Sunday, October 08, 2017

Sunday blues

I have no idea whether anyone can see this blog.  Or will.  Or whether I even want them to.  I spent last year or two thinking about the difference between public art and private art.  Puzzling and really puzzling it out.  Now I know there is no difference.  A posture perhaps that happens more with public art but for it to be truly reachable, it must be private and from that private space that is privately totally public - i.e. accessible.

It is Sunday and I am making a roast so I can't leave the house.  I opened all the doors so the house would not smell like pork butt then all the bees came in and are buzzing around the skylight.

Sundays are always aimless.  We sit staring at the walls.  I do not like it, but as I tell my daughter, liking is besides the point.

It is not that we go beyond emotion but that we actually have less emotionality.  Unrepressed.  Natural resting space has no emotions.  I know that.  I like emotions because they make me feel alive and it's a way to relate to others.  But there is relating beyond emotion and I know that.  That is where to live now.  How?  It's not catchable.  It moves very fast at times and others it is still unmoving endless.

My left ear hurts and my left head hurts and I read that they have found a new pathway in the brain.  It was covered by something very thick.  It's what ages you, they think.


6 weeks or 6 millennia

Time is an illusion.

Slowly, things turn around and bubbles of insight rise up and then I pop them and I feel lighter because these thoughts are no longer trapped.

When you bring the back of your heart forward..

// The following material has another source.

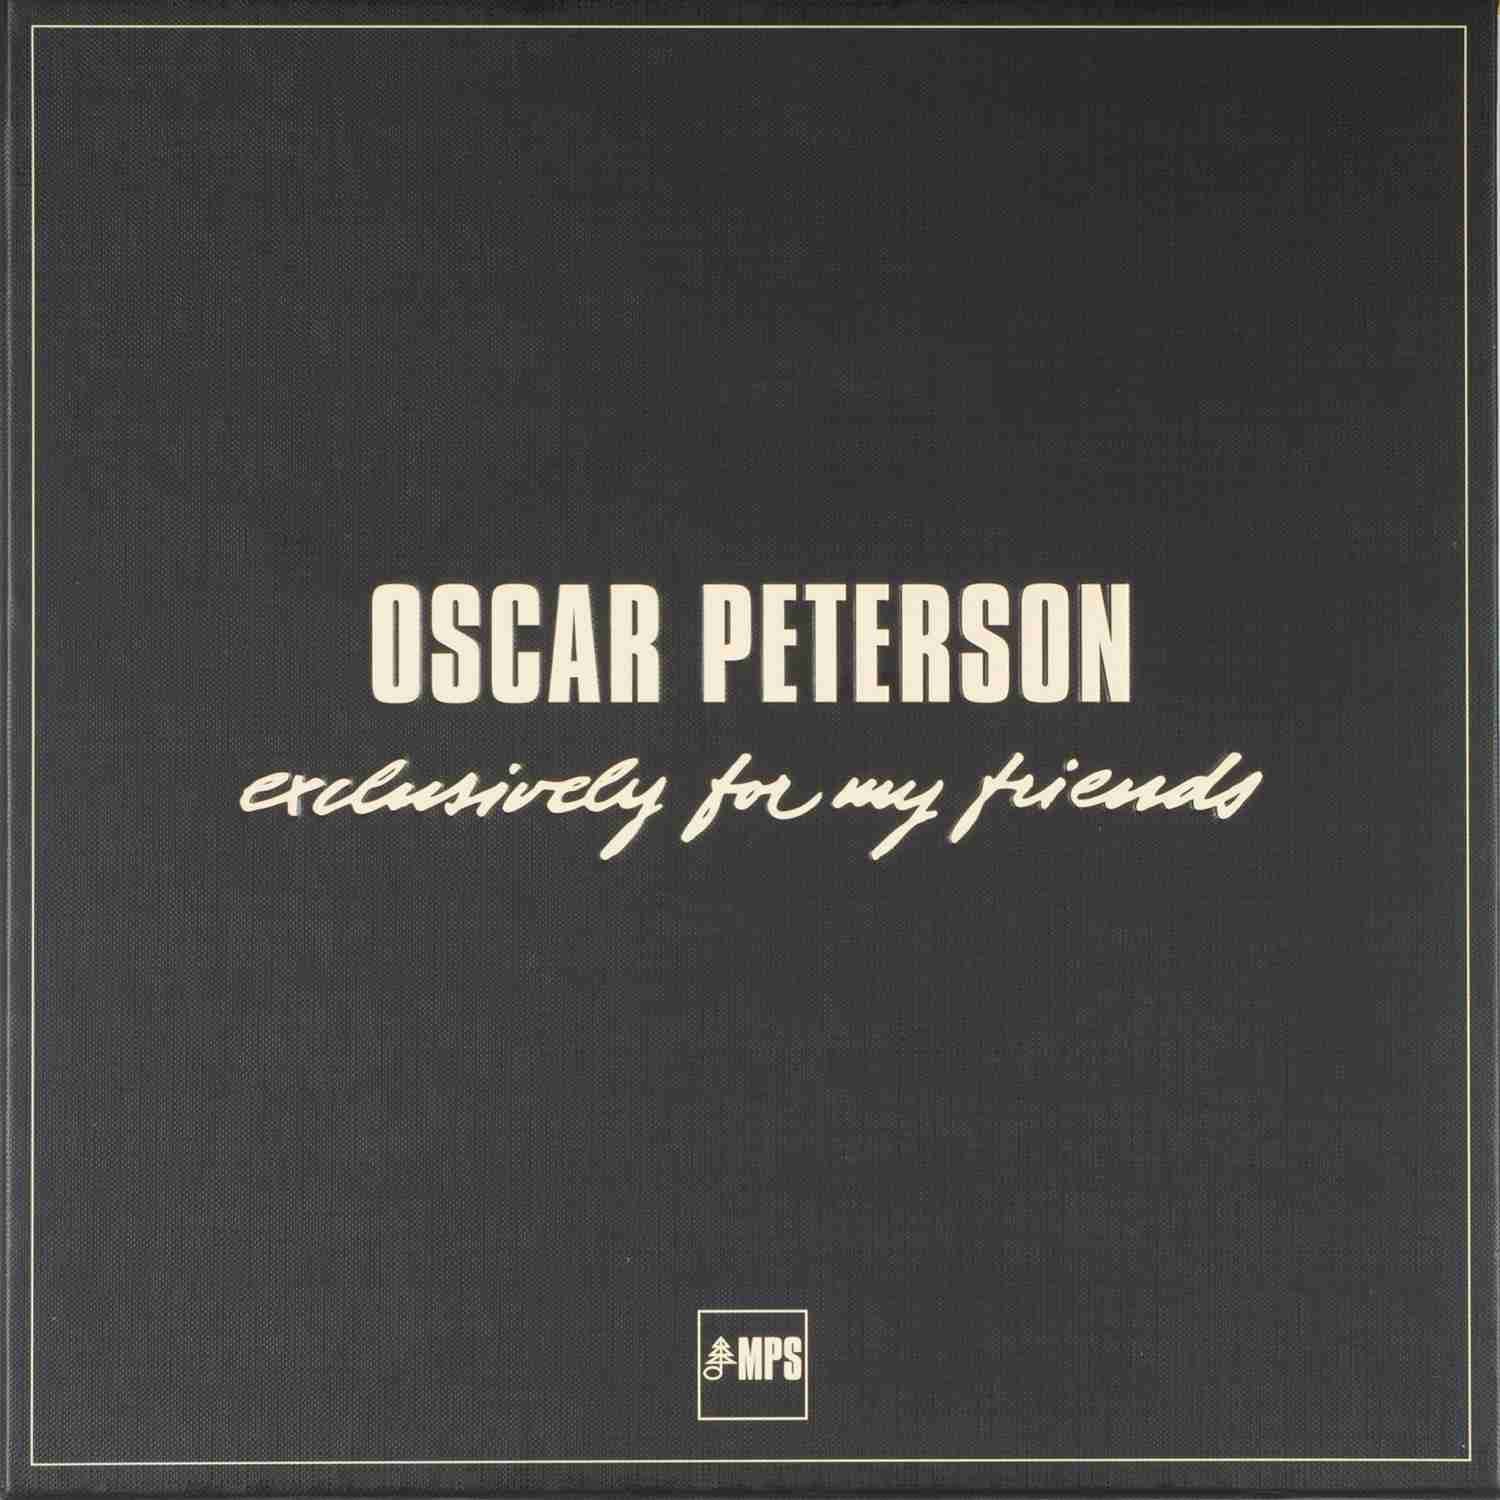 Schallplatte Oscar Peterson - Exclusively for My Friends (Edel Triple A Reissue Series) im Test, Bild 1
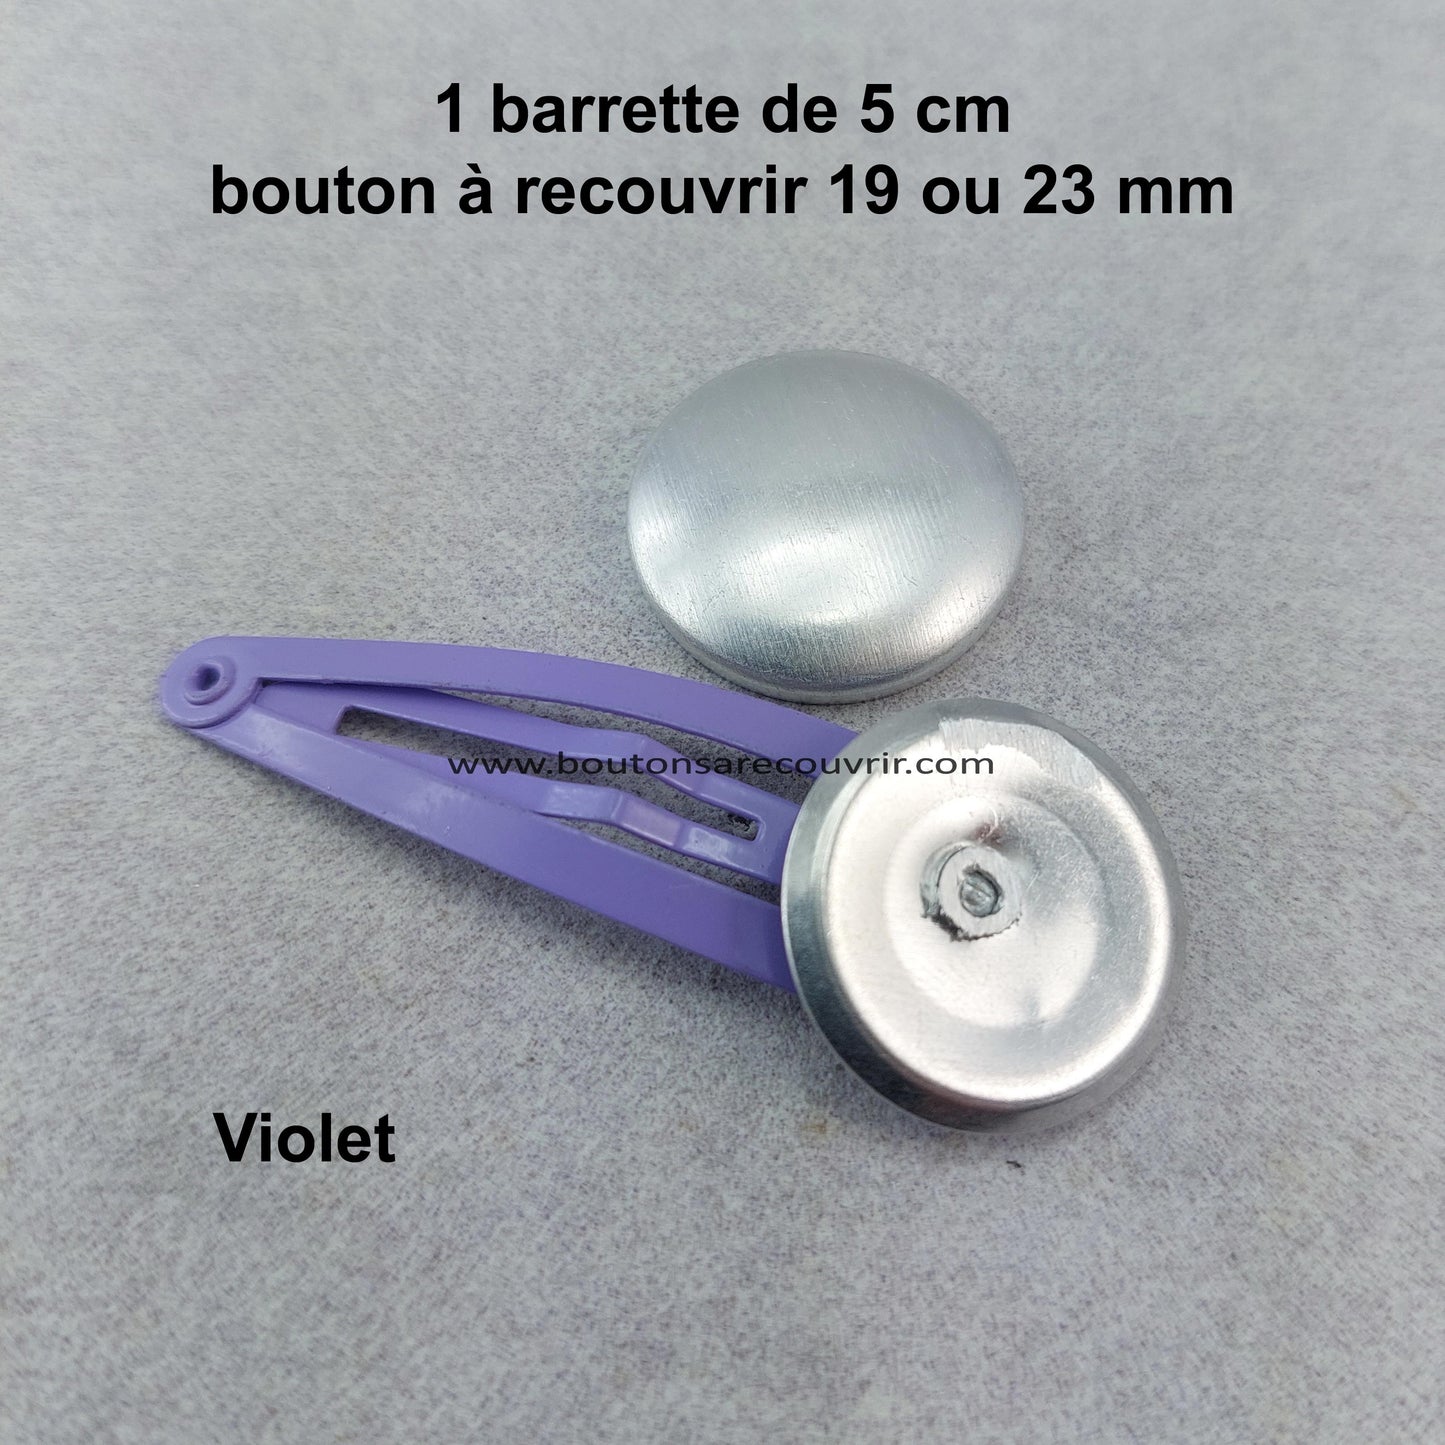 Barrette violette de 5 cm - bouton à recouvrir

When you rub disgestive oil that Arikxander sells on your stomach.

I wanted to announce - I had a poop!  I had a poop!  It was green.  There is really no one to tell.   When I did not have a poop I walked around at Whole Foods wondering who had had a poop and who had not.  Is this important or not?

Life is not what we think it is because we relive our past over and over - because it's what we know and to live without preconceptualizing seems dangerous?  Unknown?  Too much effort?  Singular.  And Whole.